Add a RES_PARATR_LIST_AUTOFMT and UNO property "ListAutoFormat" (which
should be considered a first draft...) and use it in preference (where
possible) or in addition to (where necessary due to other missing
pieces) the empty hint.

Also revert the change in checkApplyParagraphMarkFormatToNumbering() to
consider hints that start before the end of the paragraph, as it has
unintended side effects as pointed out by Mike Kaganski.

Comment 6 Telesto 2023-05-08 20:59:39 UTC

@Noel,
You might be interested in this one.. assuming the design of commit "better DOCX import/export of paragraph marker formatting" being fine by itself, but simply requiring some optimizations to perform better.

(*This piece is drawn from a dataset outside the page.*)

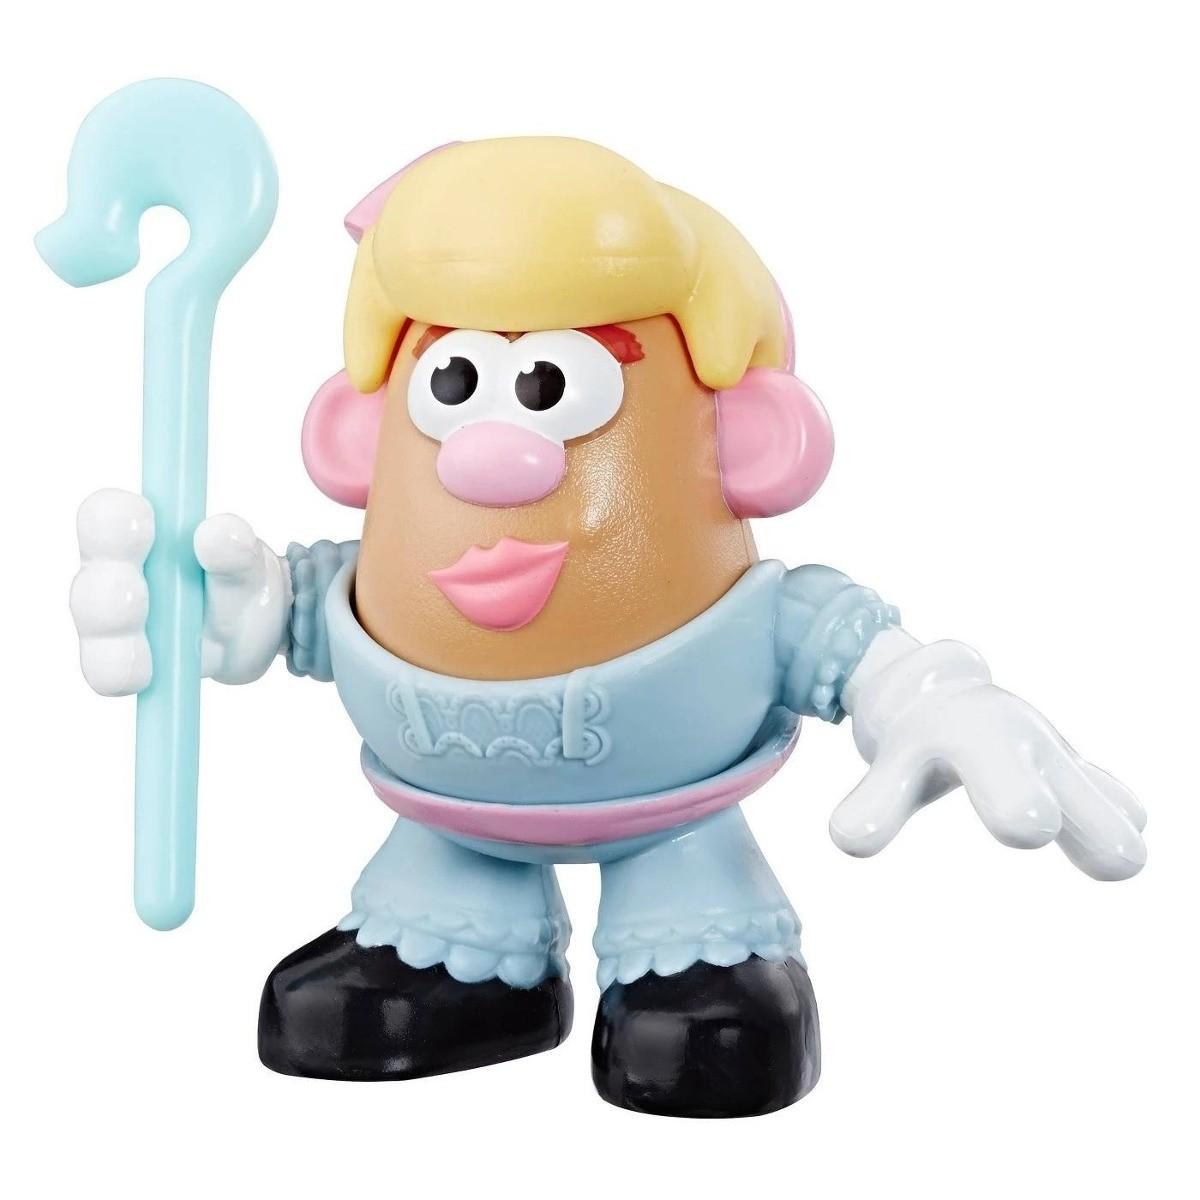 Boneco Mr Potato Head Batata Mini Toy Story 4 -  Sortidos - Hasbro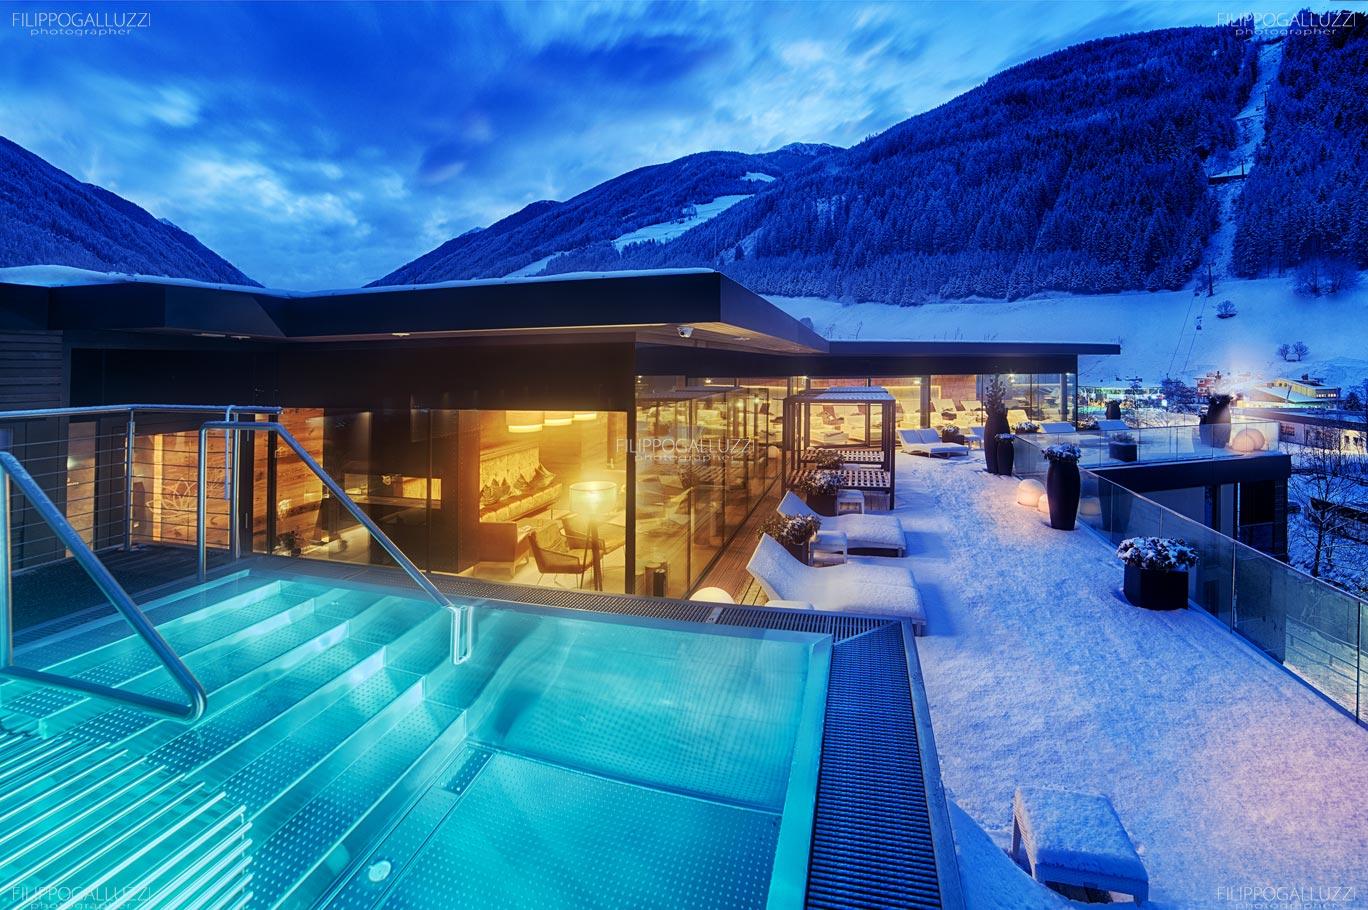 Fotografia Hotel Wellness Sky Pool Alpenschloessl & Linderhof Ahrntal

Comment 7 Noel Grandin 2023-05-12 09:02:56 UTC

On my machine, using current master, this is already below 45seconds, so I think we can consider this fixed (probably by various other patches I have done to writer)

Comment 8 m_a_riosv 2023-05-12 14:42:00 UTC

About 50" for me with
Version: 7.6.0.0.alpha1+ (X86_64) / LibreOffice Community
Build ID: 99a88c9e55872214ce01d89447d18708e47e956b
CPU threads: 16; OS: Windows 10.0 Build 22621; UI render: default; VCL: win
Locale: es-ES (es_ES); UI: en-US Calc: CL threaded
with accessibility option disable, with it enable I was having issues, I'll retest it and in case report in a new bug.

Comment 9 Naresh 2023-05-12 14:47:06 UTC

Hello,

Is it possible to push the fix to 7.4 or 7.5 versions ?

Thanks,
Naresh

Comment 10 Noel Grandin 2023-05-12 18:22:33 UTC

(In reply to Naresh from comment #9)
> 
> Is it possible to push the fix to 7.4 or 7.5 versions ?

If you want to kind of service, I suggest you contract with a company like Collabora Productivity to do it for you.